• Wie kommt das Sondervermögen Infrastruktur und Klimaneutralität in den Kommunen an?

20.01.2026

Mit dem kommunalpolitischen Sprecher der SPD-Bundestagsfraktion, Jürgen Coße, MdB, diskutierten unser Fachforum „Kommunales“ im Rahmen einer Arbeitssitzung unter Moderation von Fachforenleiter Dr. Kai Lobo darüber, wie die Mittel des Sondervermögens „Infrastruktur und Klimaneutralität“ schnell an die Kommunen gelangen.
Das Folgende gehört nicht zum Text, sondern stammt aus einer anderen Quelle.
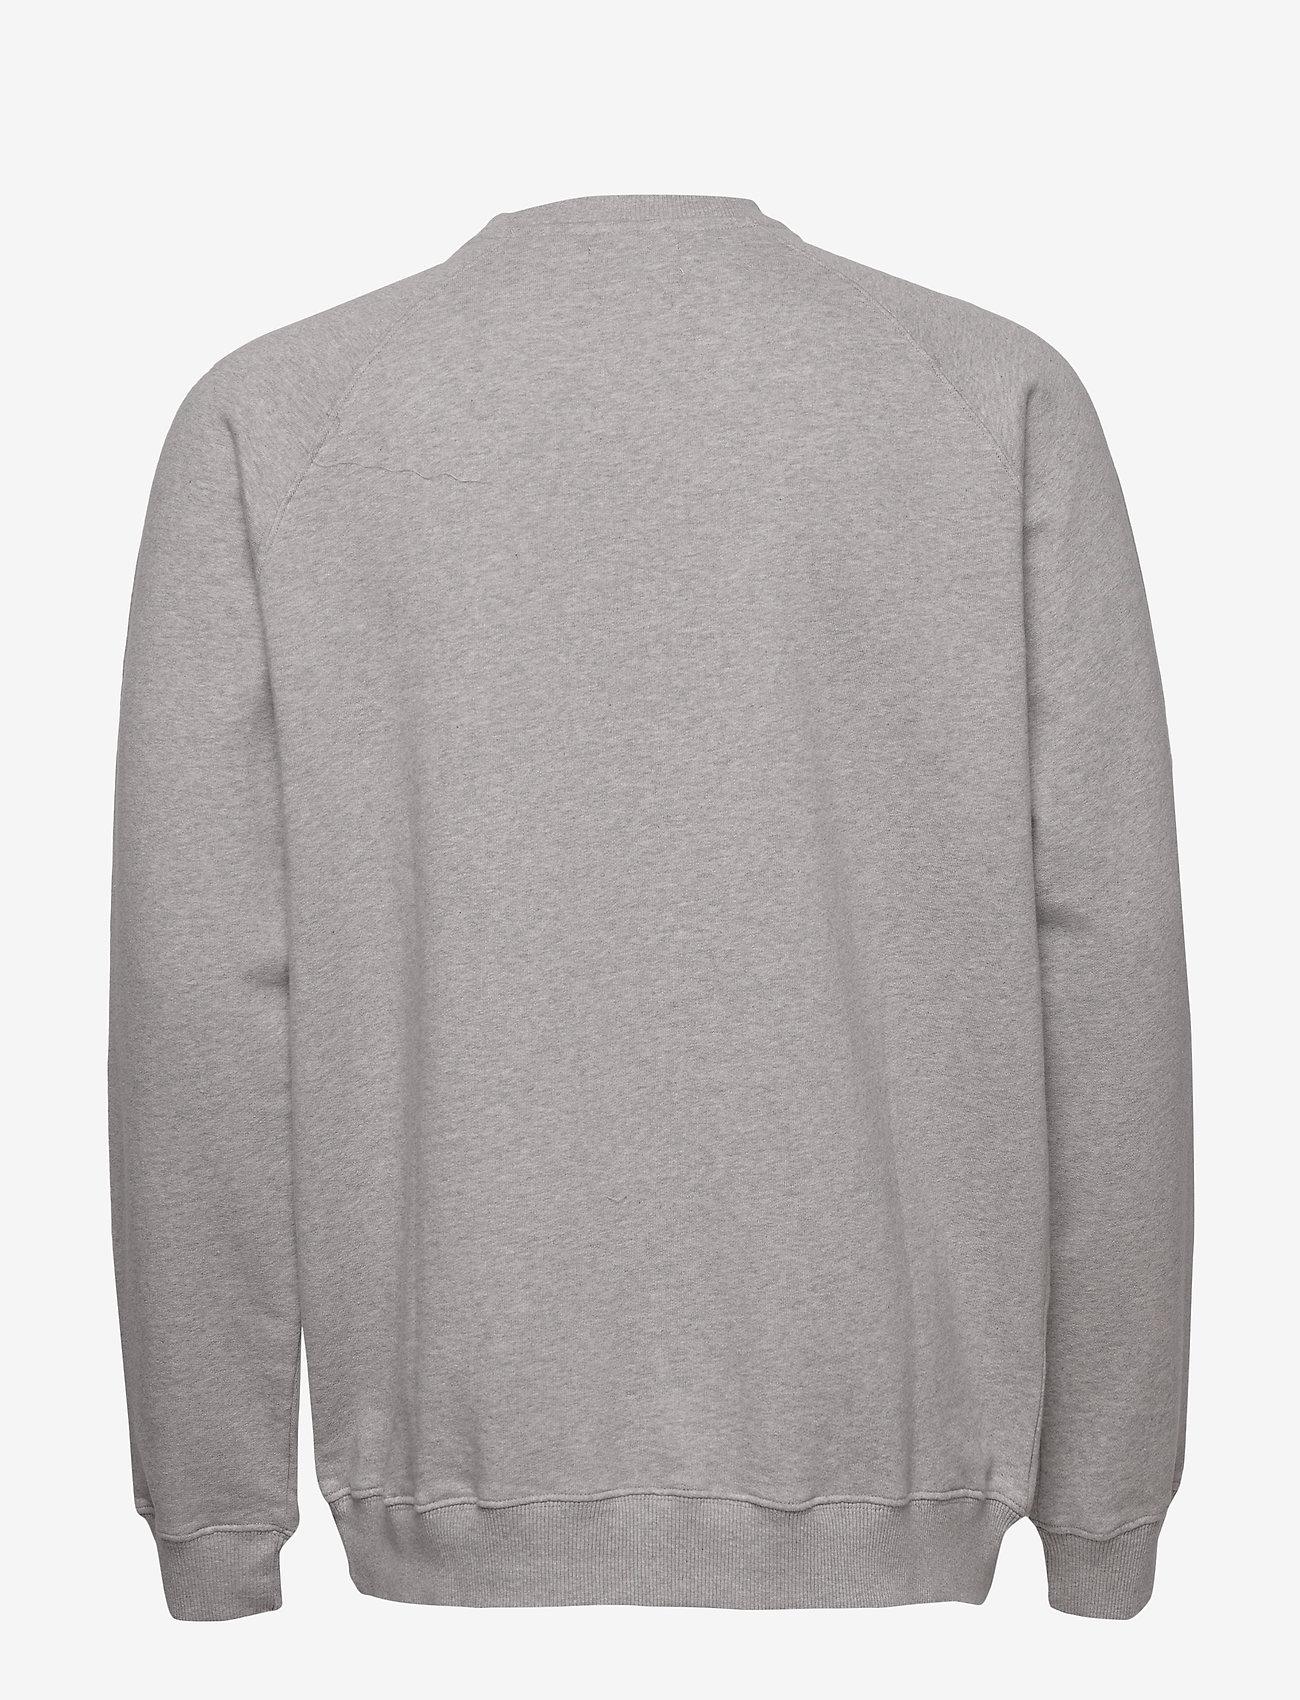 Forét SPRUCE SWEATSHIRT - Sweatshirts LIGHTGREY MELANGE - Menn Klær
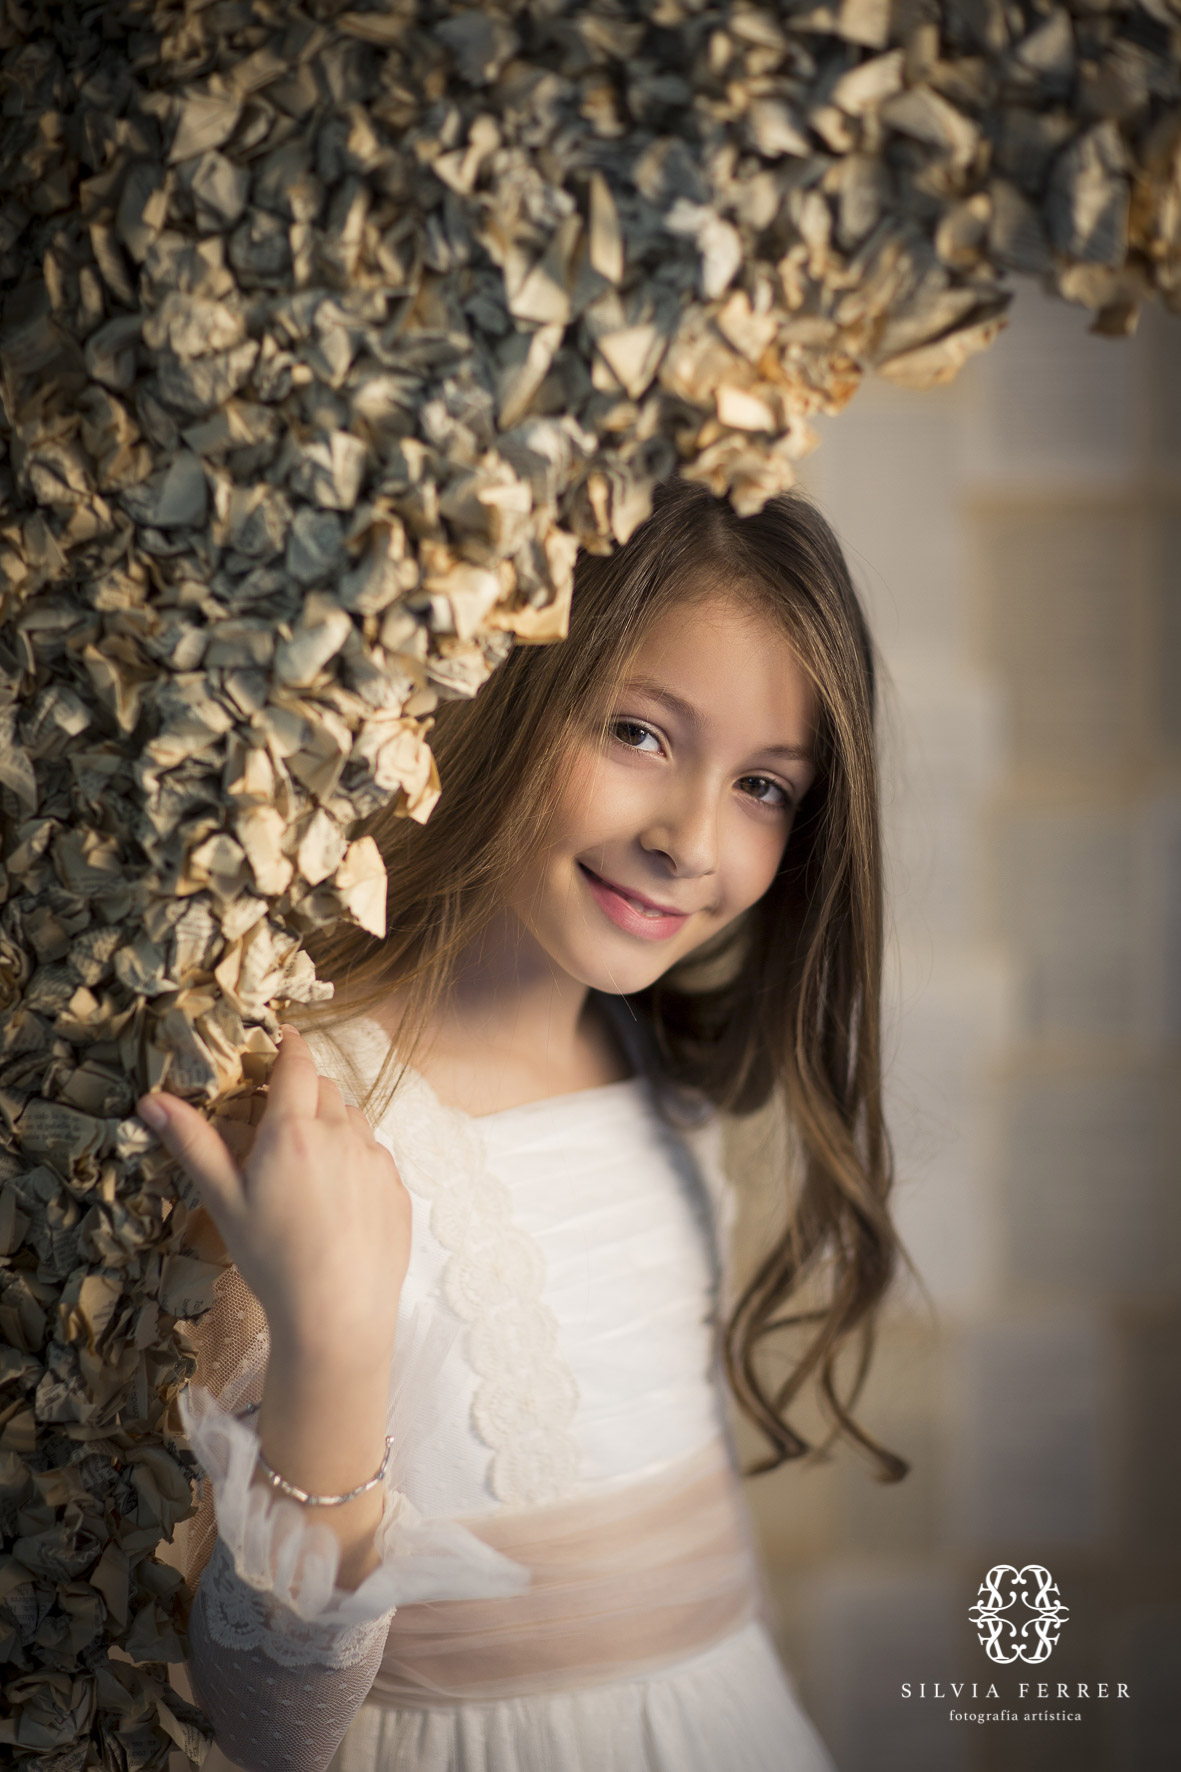 fotos comunion niña murcia bonitas diferentes estudio murcia silvia ferrer

Jürgen Coße machte deutlich, dass der Beschluss des Sondervermögens Infrastruktur und Klimaneutralität (SVIK) eine positive Signalwirkung besitzt: Noch nie habe eine Bundesregierung so viel Geld für Infrastrukturinvestitionen in die Hand genommen und dabei die Kommunen in der Verteilung explizit berücksichtigt. Bis das Geld in den Städten und Kommunen ankommt, dauert es noch bis 2027. Zu wenig Personal, aufwändige Verfahren in der Verwaltung und Förderungen seien die großen Baustellen. Auch deshalb brauche es aus Coßes Sicht dringend vereinfachte Prozesse auf allen Verwaltungsebenen.

Im Gespräch zeigte sich, dass auch der Bund entscheidende Weichen zur Stärkung der kommunalen Daseinsvorsorge stellen kann, selbst wenn die verfassungsrechtliche Zuständigkeit für die finanzielle Ausstattung der Kommunen bei den Bundesländern liegt. So kann er sich beispielsweise für eine gezielte Fachkräfte-Anwerbung einsetzen oder eine zügige Umsetzung des im Koalitionsvertrag vereinbarten „Zukunftspakt von Bund, Ländern und Kommunen“ zur Vereinfachung der Finanzströme anstoßen.

Intensiv diskutiert haben wir außerdem, wie neben Investitionen des Bundes mehr privates Kapital mobilisiert werden kann. Es braucht eine sinnvolle Öffnung von Infrastrukturvorhaben für private Investitionen, die handhabbar, standardisierbar und rechtssicher gestaltet ist.

Wir danken Jürgen Coße und unseren Mitgliedern für die angeregte Diskussion und setzen den Dialog im Fachforum „Kommunales“ weiter fort.